Je ne vis que des idées que le cosmos et le vide sidéral m'insufflent. Je me nourris de leur beauté effrayante. C'est une toile de maître infinie. Je me sens si las...
Je dresse l'oreille aux cris joyeux de l'équipage lorsqu'il regagne les plages artificielles de sable fin qui bordent l'intérieur de l'îlot. Je me trouve en cuisine et je daigne enfin nourrir convenablement mon estomac. Ce dernier en grogne de contentement.
Manger est pour moi une perte de temps et je suis fine bouche de surcroît. Cependant, j'ai un penchant naturel pour la nourriture consistante, me régalant surtout de céréales sous toutes leurs formes. Un appétit de survie, sans doute.

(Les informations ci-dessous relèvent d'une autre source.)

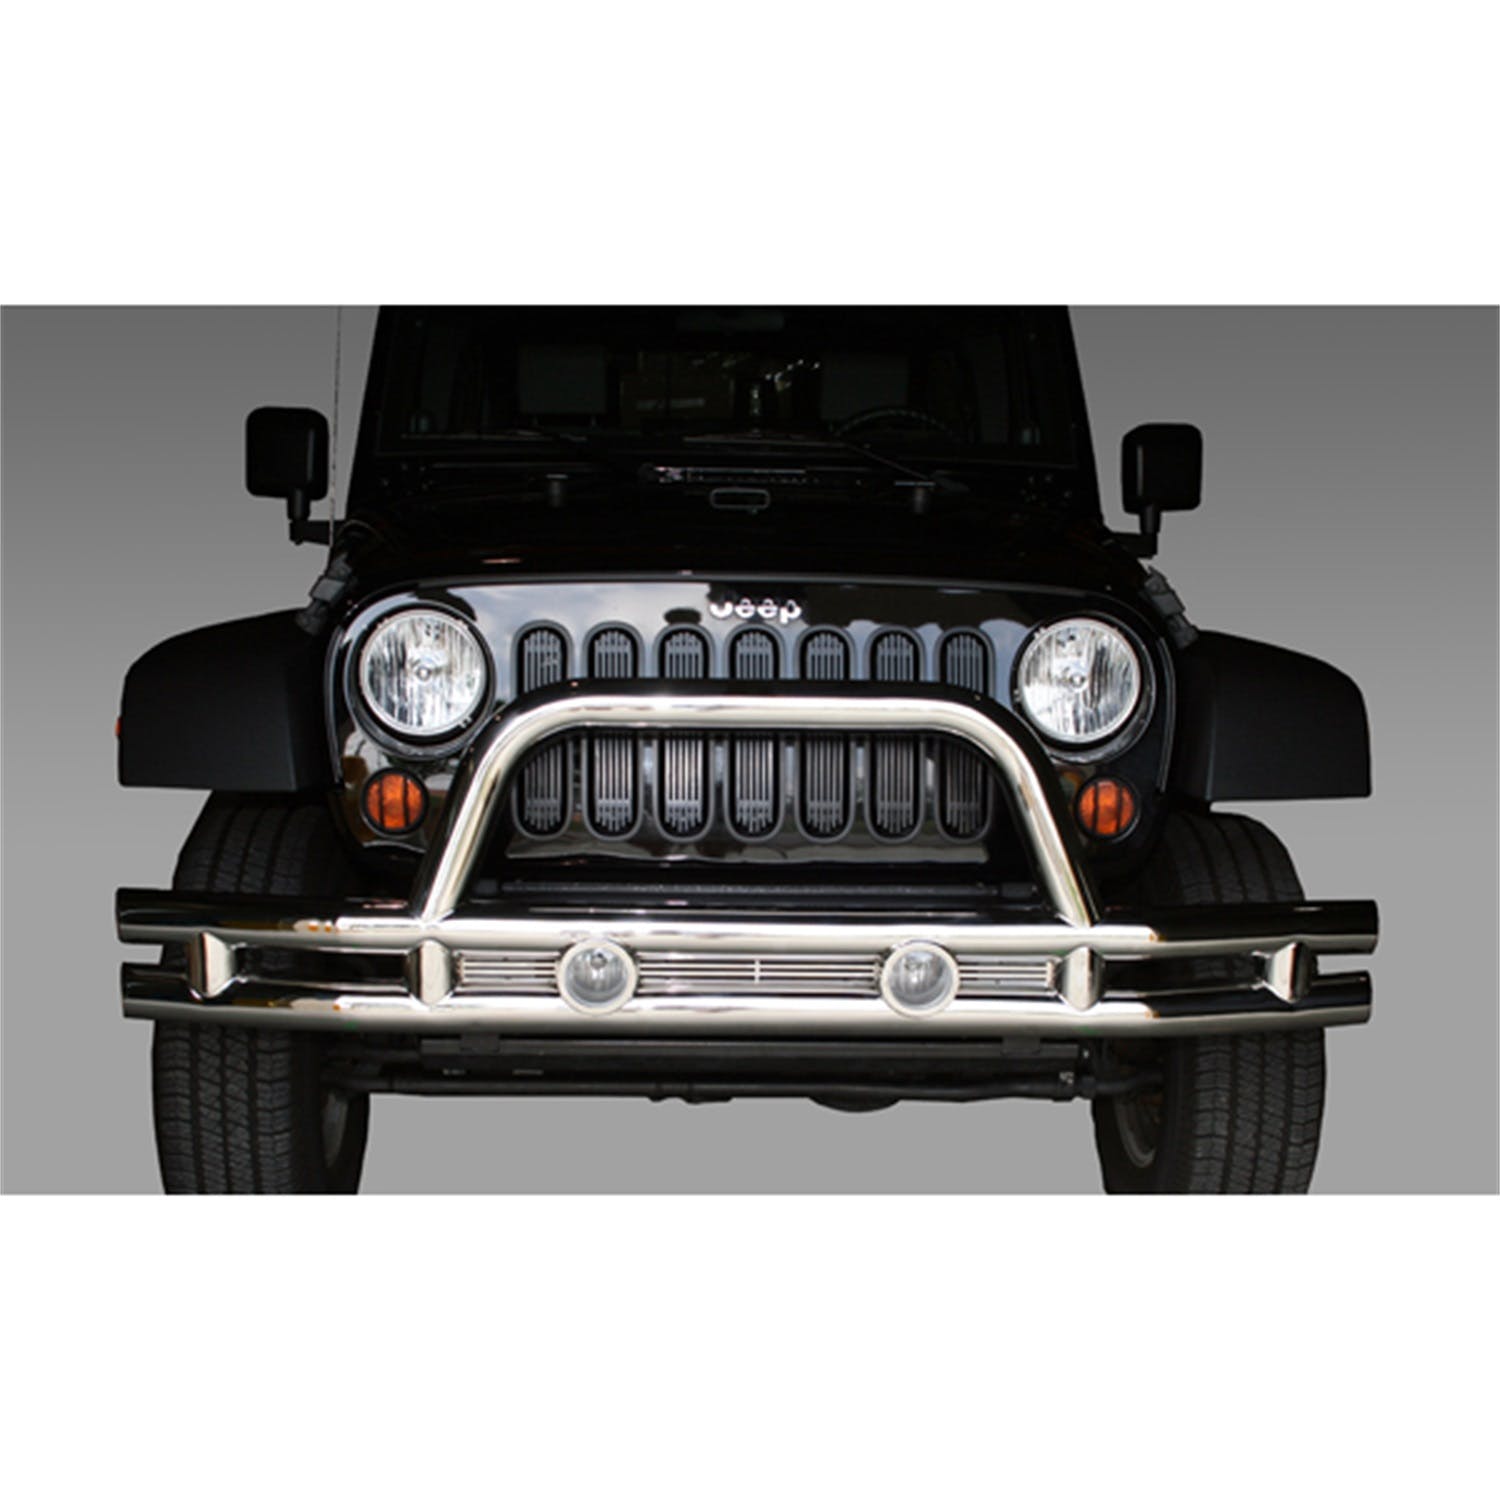 Rugged Ridge 11563.10 Tube Front Bumper, 3 Inch, Stainless Steel

"Capitaine, il faut toujours que vous profitiez de mes vacances pour vous jeter en cuisine !" C'est Masu, la cuisinière, qui râle. Elle m'arrache un sourire indulgent et coupable.
Ma cabine est habitée par sa présence et je m'y suis peu rendu ces dernier temps, préférant vaquer en salle des machines ou m'entretenir avec mon défunt ami.
Jadis, nous étions si attirés l'un par l'autre que nous faisions l'amour à la va-vite dans un petit sas dont je suis le seul à posséder le code d'ouverture et de fermeture. Mais ceci nous frustrait plus que cela nous contentait et le désir reprenait le pas sur nous sitôt le sas quitté. En outre, je prenais des risques d'abandon de poste lors d'attaques, ce qui me décrédibilisait auprès de mes hommes, même si aucun n'osait ouvertement évoquer la chose.
A présent, nous luttons jusqu'au bout de nos forces avant de nous retrouver de longues heures dans ma cabine close.
Enfin, nous prenons le temps de nous jauger, de nous défaire, de nous embrasser, de nous caresser, de nous aimer. Je retrouve le goût suave de sa peau et elle dompte ma fougue. Nos joutes sont longues, pleines, joueuses, sinueuses. Nos corps s'épousent puis se repoussent afin de mieux se mélanger après. Nos cris montent, faisant taire nos soupirs.
Nous y sommes enfin.
L'attente pour mieux nous savourer l'instant d'après.